Category Archives: Optimization

A simple ISTA ↔ FISTA switch

Today, let us revisit the topic of enforcing sparsity and see an easy trick to accelerate the convergence speed of the algorithm (demo).

The basic algorithm that we discussed last time is the iterative shrinkage/thresholding algorithm (ISTA) that can be specified as follows

\mathbf{f}^t \leftarrow \eta(\mathbf{f}^{t-1} - \gamma \mathbf{H}^\mathrm{T}(\mathbf{H}\mathbf{f}^{t-1}-\mathbf{y}), \gamma \tau),

where t = 1, 2, 3, \dots is the iteration number, \mathbf{y} is the measurement vector, \mathbf{H} is the measurement matrix that models the acquisition system, \gamma > 0 is a step-size of the algorithm that we can always set to the inverse of the largest eigenvalue of \mathbf{H}^\mathrm{T}\mathbf{H} to ensure convergence (i.e., set \gamma = 1/L with L = \lambda_{\text{max}}(\mathbf{H}^\mathrm{T}\mathbf{H})), \tau > 0 is the regularization parameter that controls the sparsity of the final solution (larger \tau leads to a sparser solution), and finally \eta is a scalar thresholding function applied in a component-wise fashion.
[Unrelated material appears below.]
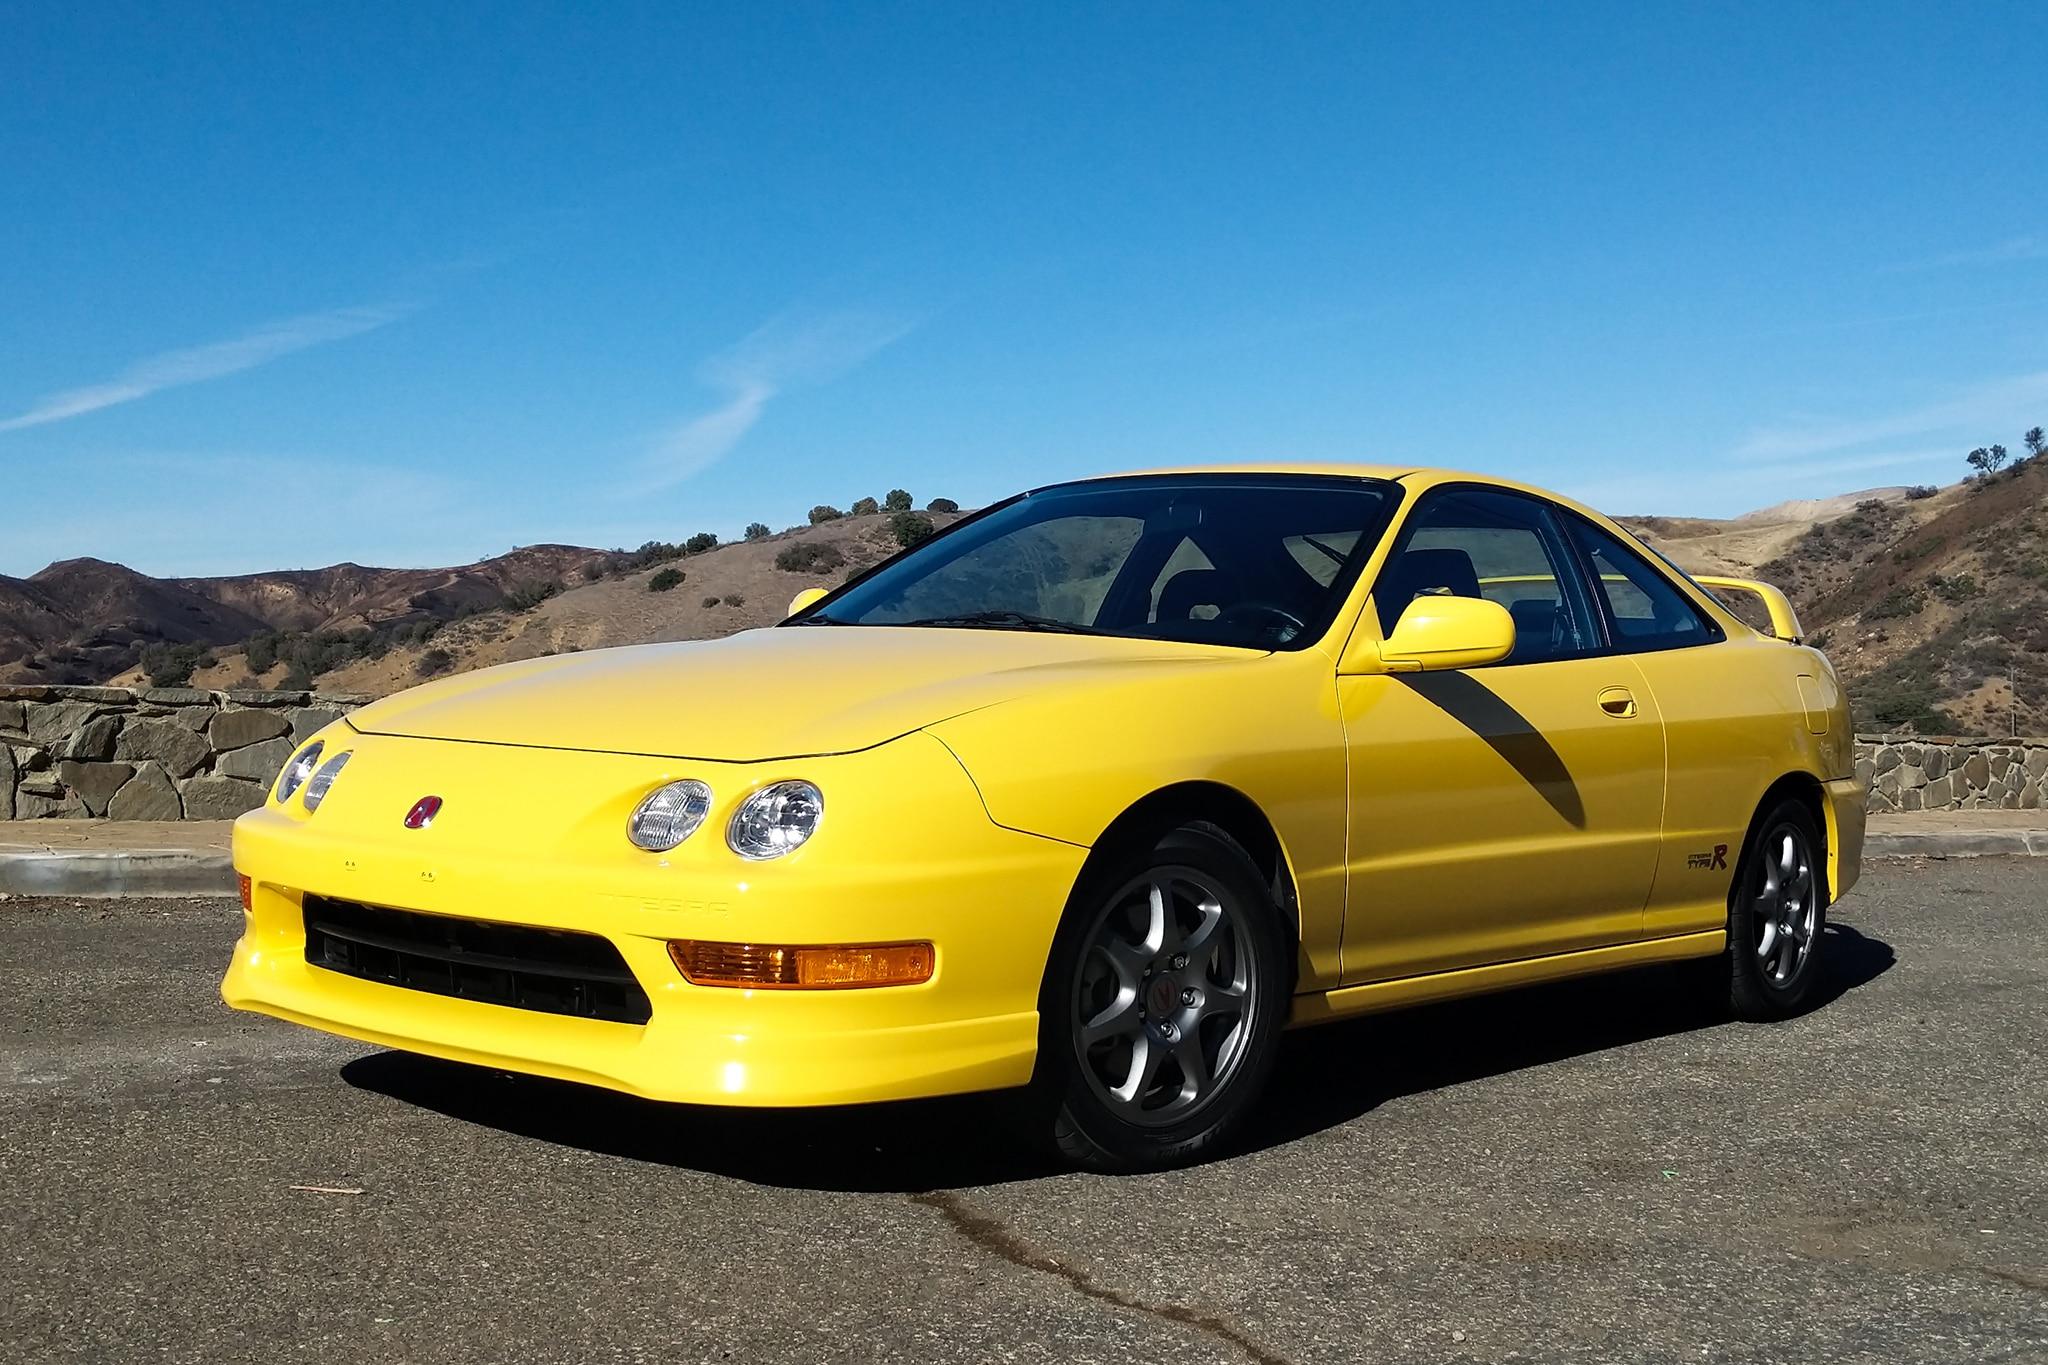 2001 Acura Integra Type R 3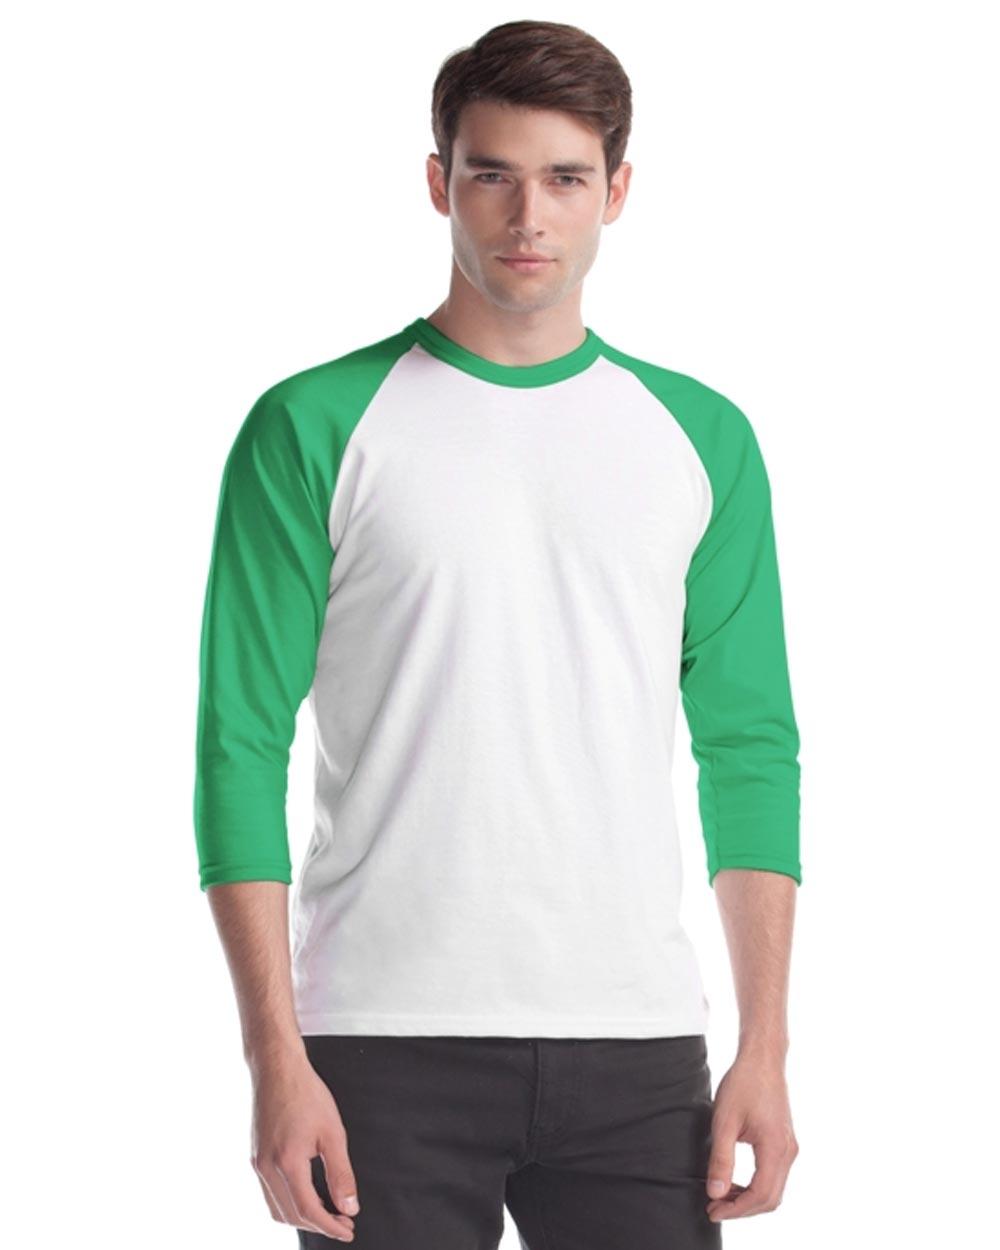 Jerico 3/4 Raglan Baseball T-Shirt

One of the most popular thresholding functions is the soft-thresholding defined as

\eta(x, \tau) \triangleq \mathrm{sgn}(x)(|x|-\tau)_{+}

where (\cdot)_+ returns the positive part of its argument, and \mathrm{sgn}(\cdot) is a signum function that returns +1 if its argument is positive and -1 when it is negative.

ISTA is a very well understood method, and it is well known that its rate of convergence corresponds to that of the gradient-descent method, which is O(1/t).

Let us considering the following simple iteration

\mathbf{f}^t \leftarrow \eta(\mathbf{s}^{t-1} - \gamma \mathbf{H}^\mathrm{T}(\mathbf{H}\mathbf{s}^{t-1}-\mathbf{y}), \gamma \tau)

\mathbf{s}^t \leftarrow \mathbf{f}^{t} + ((q_{t-1}-1)/q_t) (\mathbf{f}^t - \mathbf{f}^{t-1}),

where \mathbf{f}^0 = \mathbf{s}^0 = \mathbf{f}_{\text{init}}. When q_t = 1 for all t = 1, 2, 3, \dots the iteration corresponds to ISTA, however, an appropriate choice of\{q_t\}_{t \in [0, 1, \dots]} leads to a faster O(1/t^2)  convergence, which is crucial for larger scale problems where one tries to reduce the amount of matrix-vector products with \mathbf{H} and \mathbf{H}^\mathrm{T}. The faster version of ISTA was originally proposed by Beck & Teboulle 2009 and is widely known as fast ISTA (FISTA).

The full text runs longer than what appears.